Covid-19: Morocco beefs up vaccine stockpile ahead of reopening of borders for travellers

Covid-19: Morocco beefs up vaccine stockpile ahead of reopening of borders for travellers

Morocco continues to enhance its stockpile of vaccines against covid-19 as it prepares to reopen its borders for inbound/outbound commercial flights starting February 7.

The North African Kingdom has received over the weekend additional 1.6 million doses of the Pfizer vaccine donated by the United States through Covax program.

This new donation of Pfizer doses follows an October delivery of more than 850,000 doses of the Pfizer vaccine and a July shipment of over 300,000 single-dose Johnson & Johnson vaccine.

Furthermore, the U.S. Agency for International Development (USAID) has supplied lately to Morocco seven ultra-cold chain freezers to strengthen the country’s storage capacity of vaccines.

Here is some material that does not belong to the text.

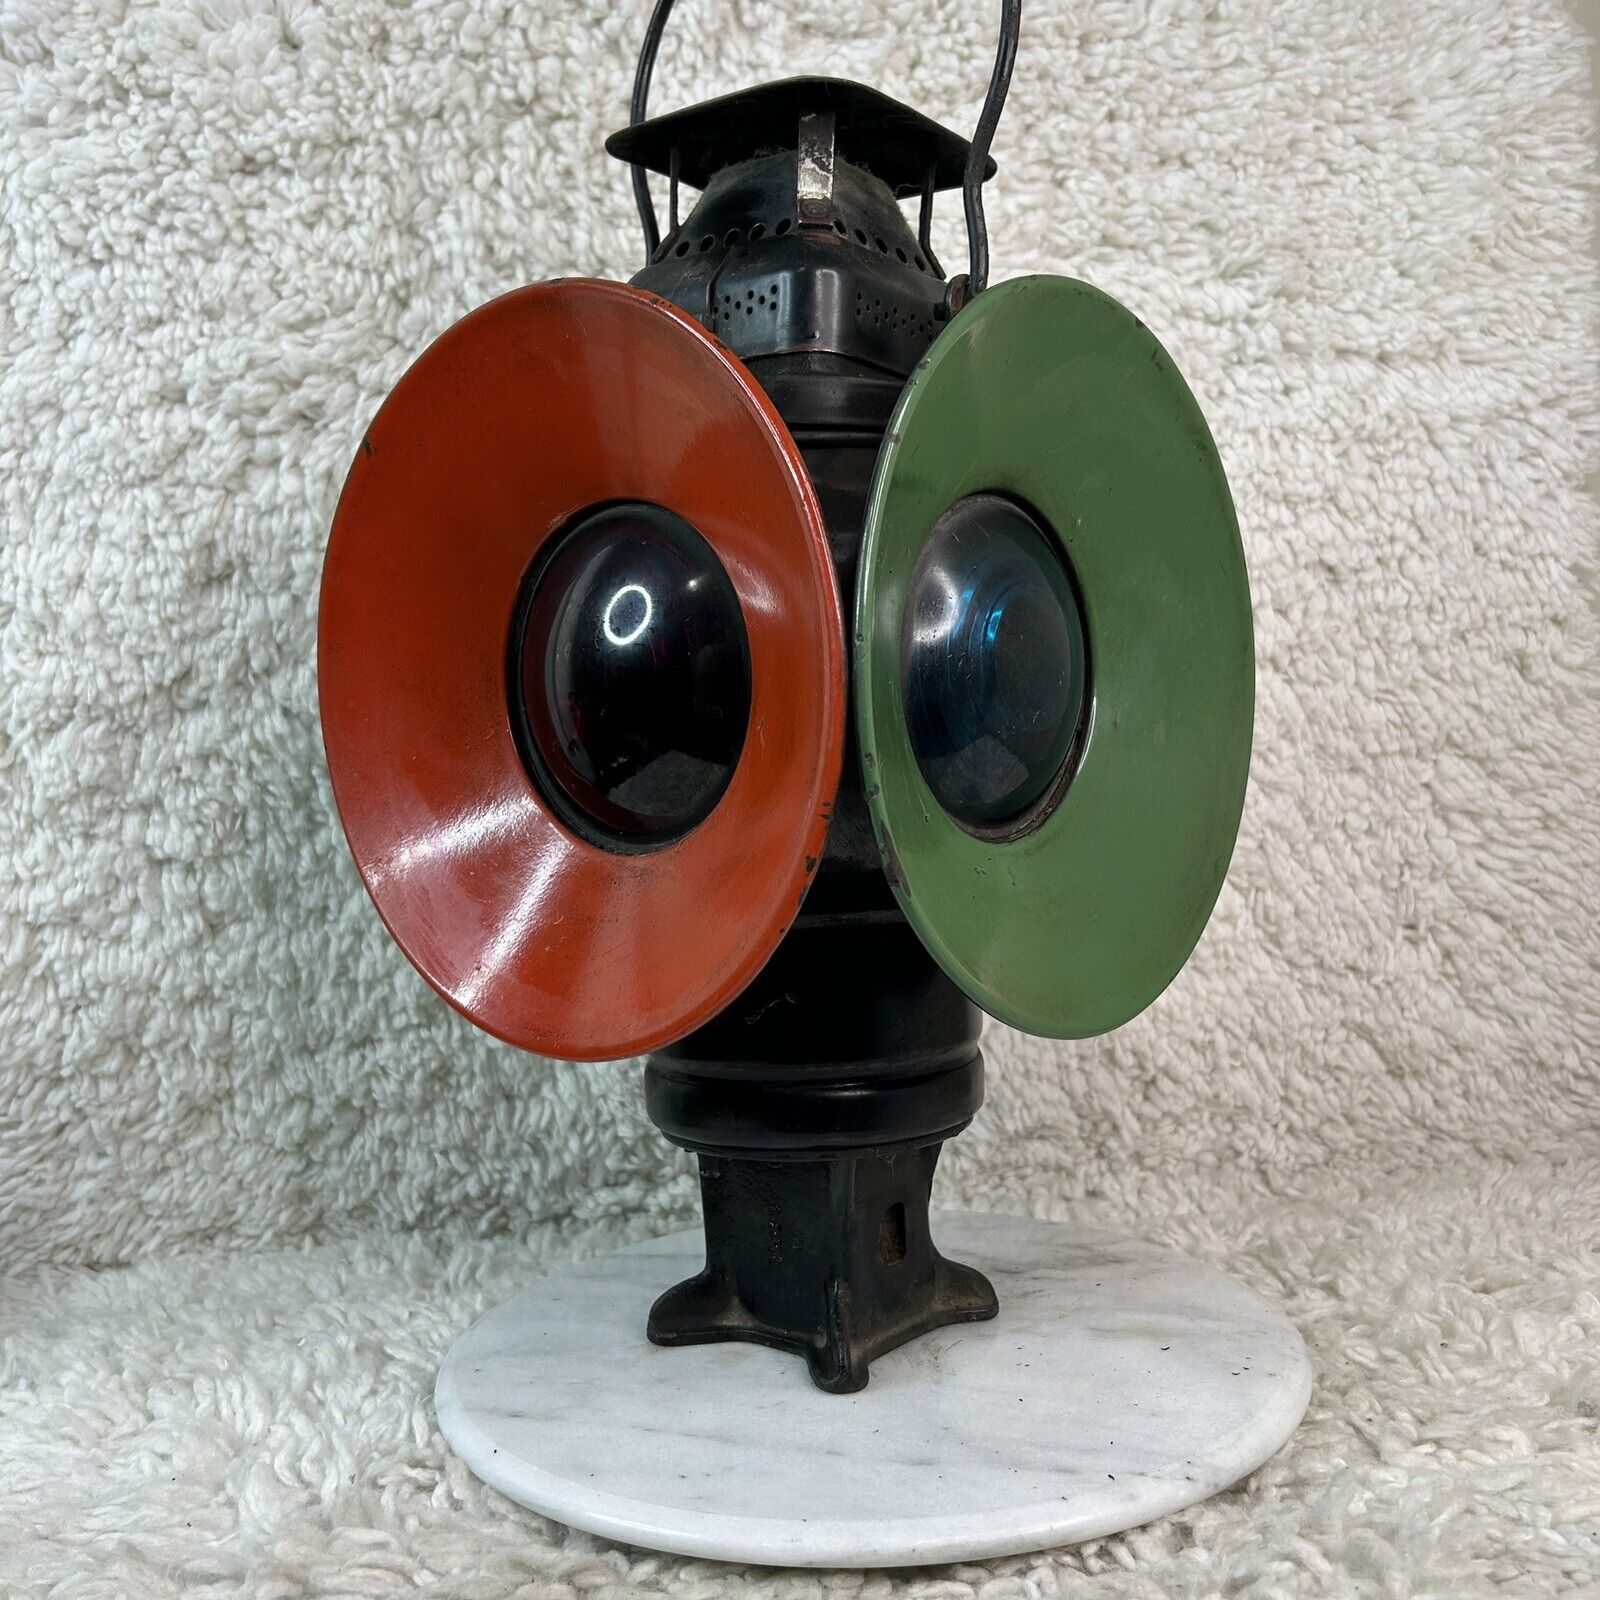 Vintage Antique Adlake Non Sweating RR 4-Way Kerosene Train Lamp Chicago

The U.S. military has donated a $1.5 million field hospital to help combat infectious disease outbreaks in Morocco and will, according to the US embassy in Rabat, soon donate a field Intensive Care Unit system and a mobile emergency room annex at a cost of $1.7 million.

To date, over 23 million people have been fully vaccinated in Morocco, 24.6 million received their first dose of the vaccine, while more than 4.3 million others have been boosted by a third jab.